DATASET EXCERPT below:

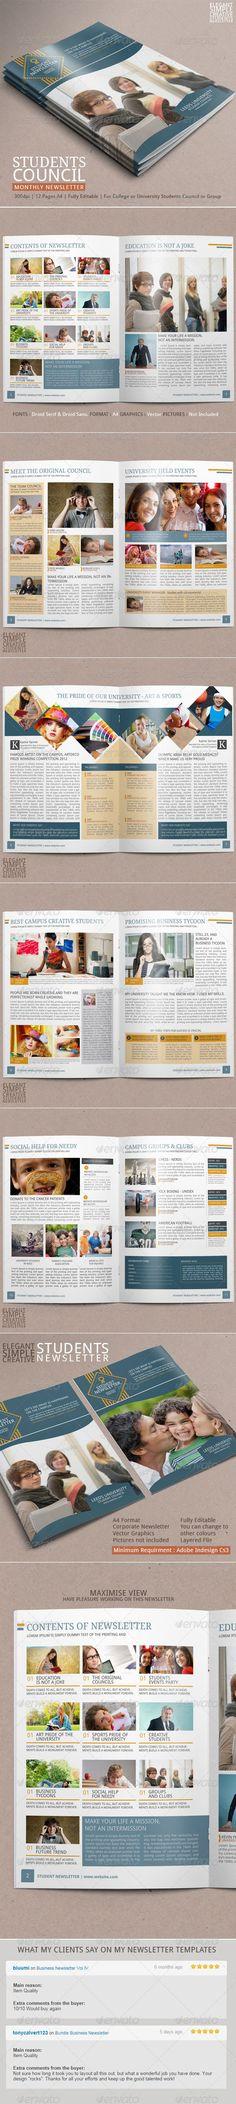 Newsletter Ideas Switz Newsletter Template #newsletterIdeas - news letter formats
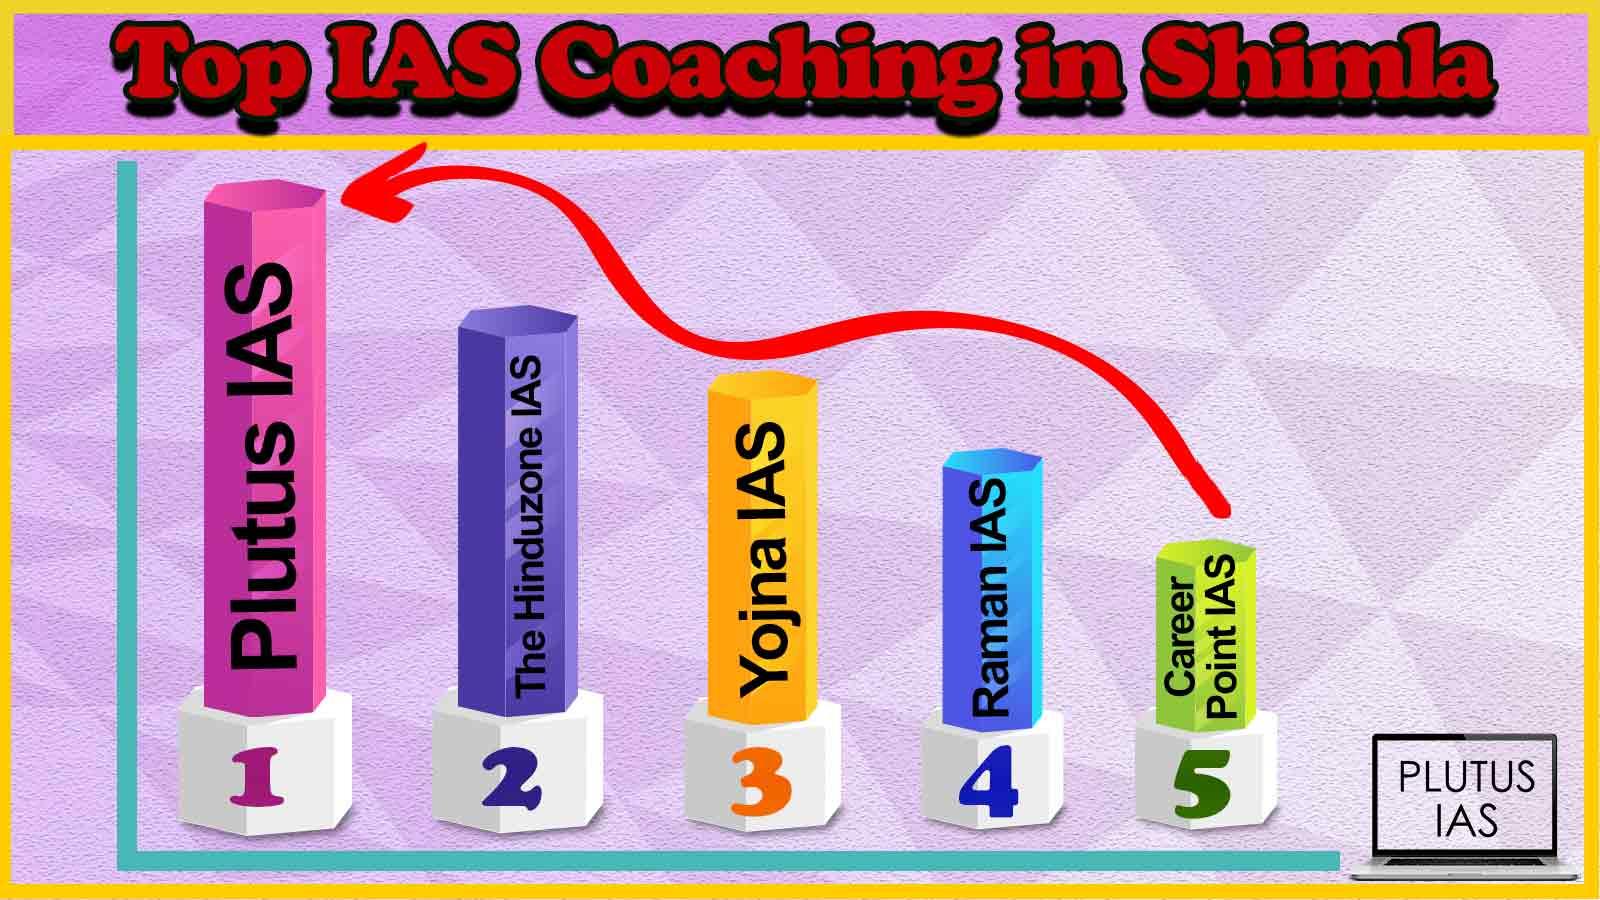 Best 10 IAS Coaching in Shimla
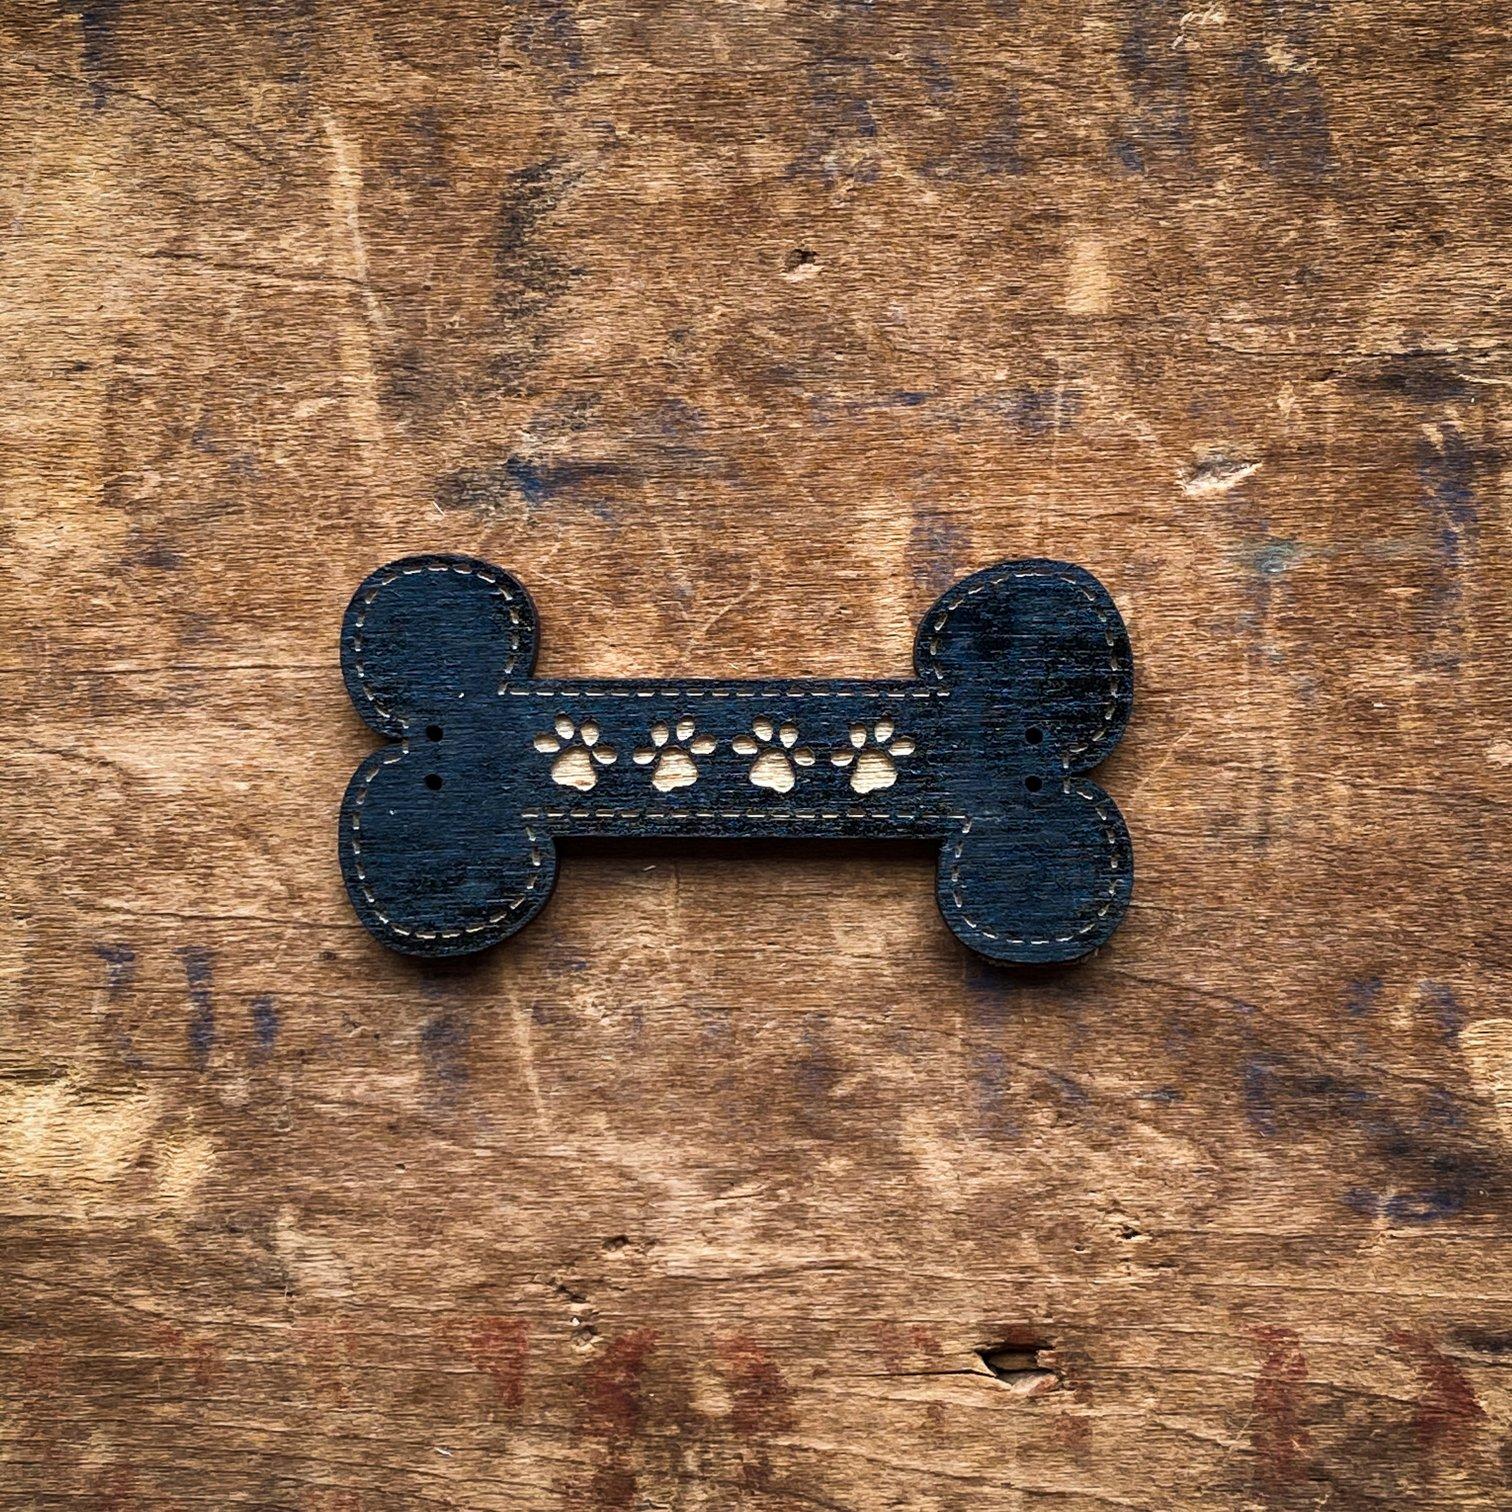 Pawprint Bone Buttons

End of DATASET EXCERPT.

Please retype, exactly as they appear, the lines from the one with "Best 10 IAS Coaching in Shimla" through the final line of the material, both included, and drop any pictures.

 Best 10 IAS Coaching in Shimla
 Pawprint Bone Buttons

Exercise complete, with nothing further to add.